# Help - New guinea pig owner



## LazyAfternoons (Mar 11, 2019)

I'm the recent owner of some guinea pigs. I adopted them roughly a week ago at the pet shop. They came together and are roughly six months old - both females. 

They seemed to be getting along fine at first. They both have a pretty big cage (and I did kind of spoil them rotten) and there's plenty hiding spaces. One of them is fluffier than the other, whilst the other is more sleek. Rhona is fluffy and Rosie is not. 

However, over the past few days they seem to be fighting? Rhona keeps going up behind Rosie and scaring her and they keep making little "rrrr" noises. I'm not sure what to do or if I will need to buy separate cages for them. They seem to not get a long for a minute or so and when I check up on them again they're fine. I'm not sure if this is normal because they're so young or if there's something I need to do to make them feel more comfortable. 

Thank you!


----------



## wind1 (Oct 24, 2010)

Are they chattering their teeth at each other or is the noise just a sort of rumbling sound? If not teeth chattering then this is perfectly normal behaviour. Female guinea pigs get hormonal and will boss each other about. Being new they will need to establish who's boss so it's possible Rhona is the more dominant pig. As long as she is not stopping Rosie from going into any of the hiding spaces or not letting her have her share of food they will be fine together. If they are chattering their teeth this is an aggressive behaviour which needs to be closely watched as it could end up in a fight.


----------



## LazyAfternoons (Mar 11, 2019)

There's no chattering of teeth, only just chasing around the cage. As far as I'm aware both of them are eating normally too.

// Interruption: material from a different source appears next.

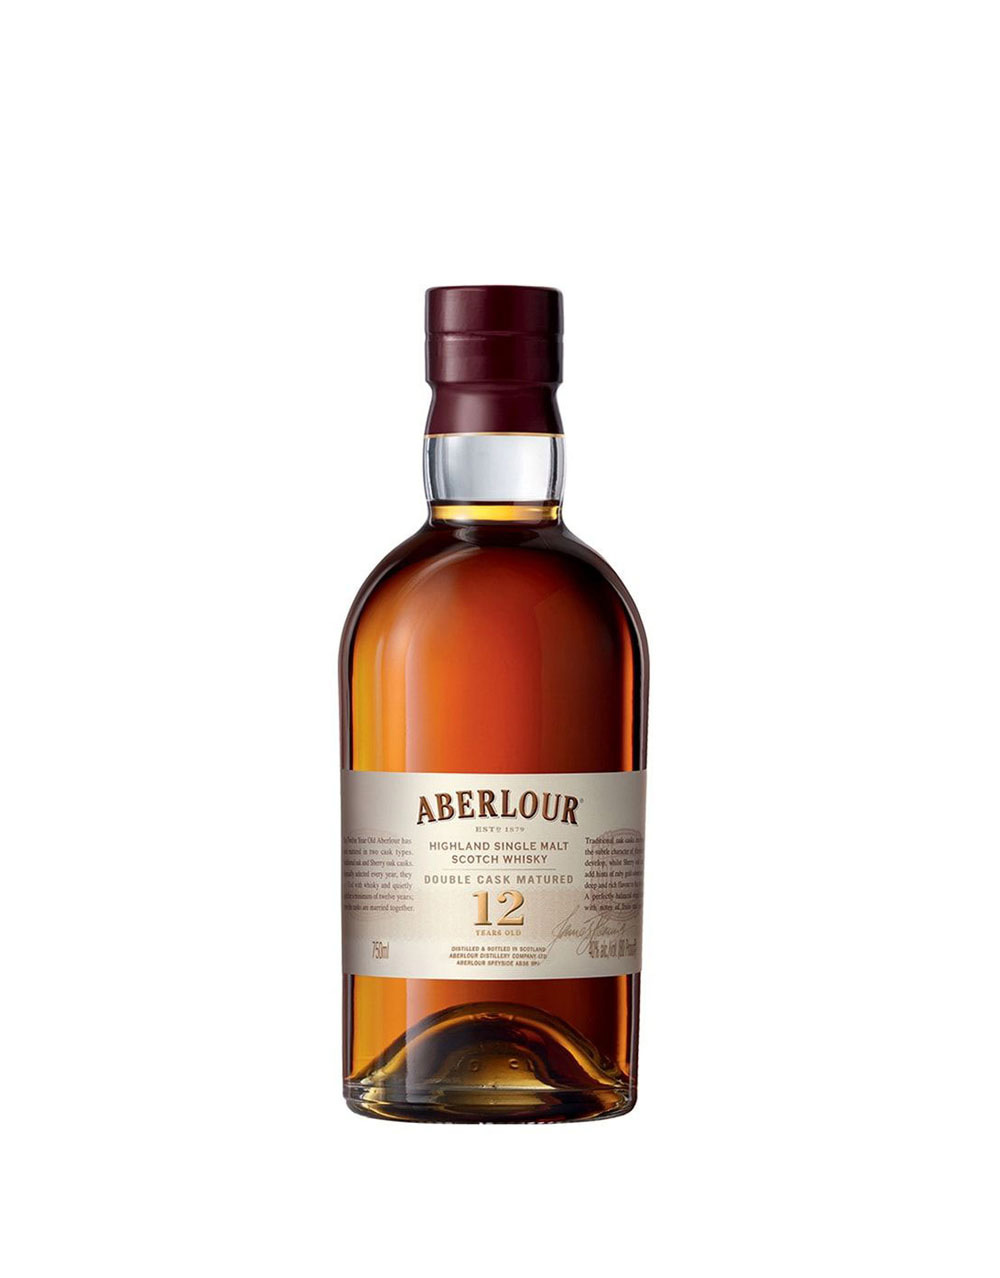 Aberlour 12 Year Old Gold bar limited edition

Thank you for the advice! I'll keep a close eye on them to make sure nothing is going on  Very helpful!


----------



## David C (Sep 6, 2010)

Those little rrrrrr noises are because one female the one that is doing it is in season and feeling horny lol. They come in season every 14 to 18 days . They will also mount each other when they are in season. Its all perfectly normal.


----------